Сагида пожала плечами: – Да ничего особенного не происходит.

– Но ты же говоришь, что для Лариона это не…

– Боюсь, что мои объяснения могут… э-э, как это сказать… ну сбить тебя с толку.

– Я и так уже совсем сбита с толку, – грустно вздохнула Мария. – Не ожидала, что он так холодно меня встретит, как чужой. Я ведь дома очень тосковала, я там все время одна. У нас там, понимаешь, все к этому так относятся. Мы и когда вместе жили, тоже были одиноки. Он меня очень любил, честно могу сказать. И я была счастлива, что испытала это, это такое редкое чувство, никто этого не понимает. Но сегодня я увидела, что в нем что-то перевернулось. – Мария внимательно вглядывалась в лицо Сагиды, – может быть, это из-за тебя?

– Нет, это не из-за меня, – спокойно ответила Сагида. – У нас того, что ты называешь любовью, не было. И вообще, все это глупости, это только в синерамах и театроскопах. Раньше когда-то было, наверное. А так – только пустые слова, в жизни я такого не видела. Как это ты сказала: «он очень меня любил»? – Сагида скривила свои пухлые губы в ухмылке. – И что это тебе дало? Странная ты какая-то, зачем тебе все это нужно, не понимаю. Ехать так далеко за своим партнером, которого год не видела. Говоришь, одна все время? Да ткни в экран только – тебе сразу десяток пришлют партнеров, хочешь биоконов, а могут и флексов…

– Нет-нет, мне это не надо, – перебила ее Мария, – не знаю, как объяснить…, но понимаешь, у нас были отношения, нас связывало многое…, это невозможно заменить другим человеком или просто сексом…

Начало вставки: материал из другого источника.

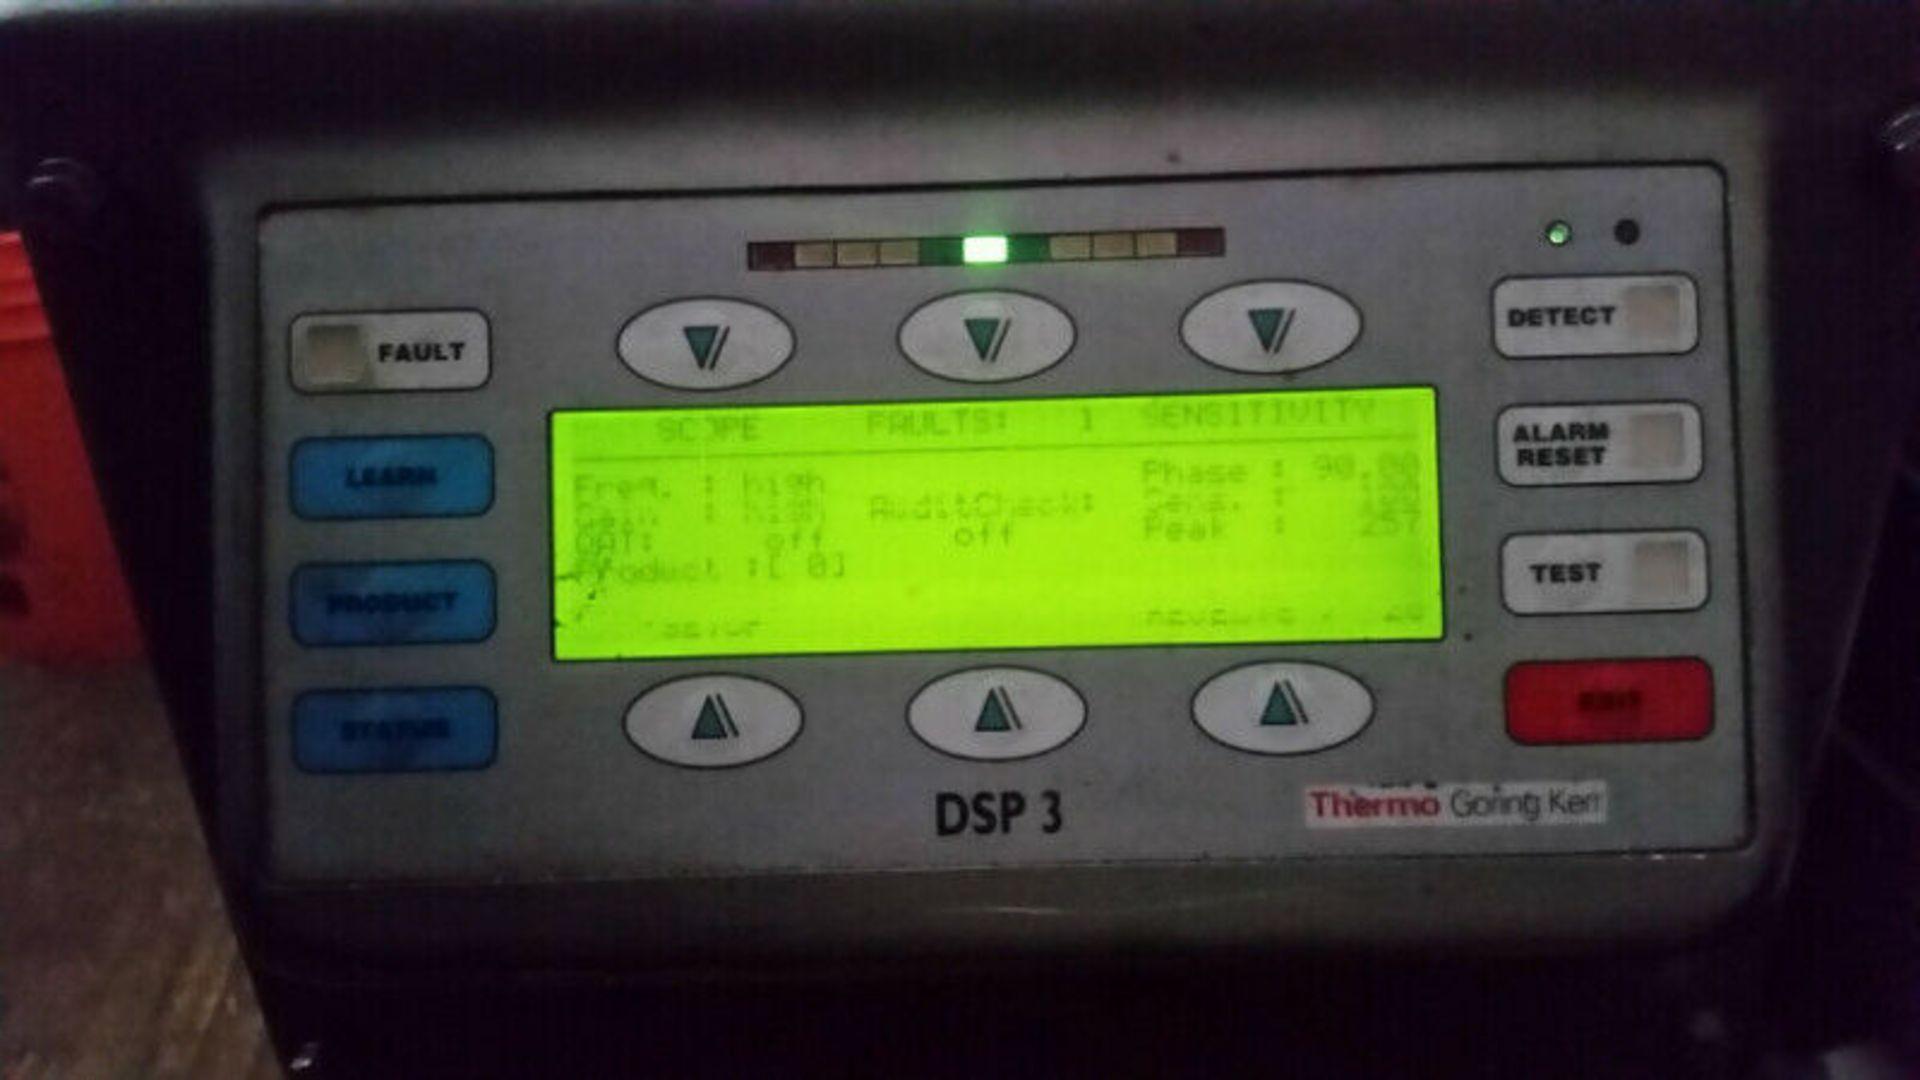 Thermo Goring Kerr Model DSP 3 Metal Detector S/N 06298304 - LOCATION - LONDON, ONTARIO - Image 2 of 4

– Да, представляю, как ты мучаешься, потому что не знаешь, чем заменить секс, – равнодушно протянула Сагида. – Хм, какие еще тебе нужны отношения. Люди совершенно независимы друг от друга. Я знаю, конечно, читала про это, ну, про женщин в прошлом, которые искали поддержку в мужчинах, так как были более слабыми и так далее. Но это очень скучно читать, потому что это просто наивно – все эти страсти, переживания непонятно по какому поводу. Сейчас ведь без еды и крыши над головой мало кто живет, если в сети зарегистрировался. Можно не работать – пособие платят, и никто от голода не умирает. Население больше не растет, рожают мало, да и не нужно это больше, есть масса других способов. Какие тут еще отношения?

– И все-таки, пожалуйста, прошу тебя, Сагида, очень прошу, скажи мне, с Ларионом что-то не так? – Мария решила перевести разговор в конкретное русло, так как по своему опыту общения с подругами знала, что продолжение этой темы приведет их к глухому непониманию. Ее переживания не вызывали ни у кого сочувствия, даже наоборот, приводили к отчуждению, к тому, что ее начинали считать глупой, чуть ли не больной. Потому что не может же нормальный человек добровольно навязывать себе какую-то зависимость от другого, от собственных чувств. Это рассматривалось даже не как проявление слабости, а как душевная болезнь, не поддающаяся лечению.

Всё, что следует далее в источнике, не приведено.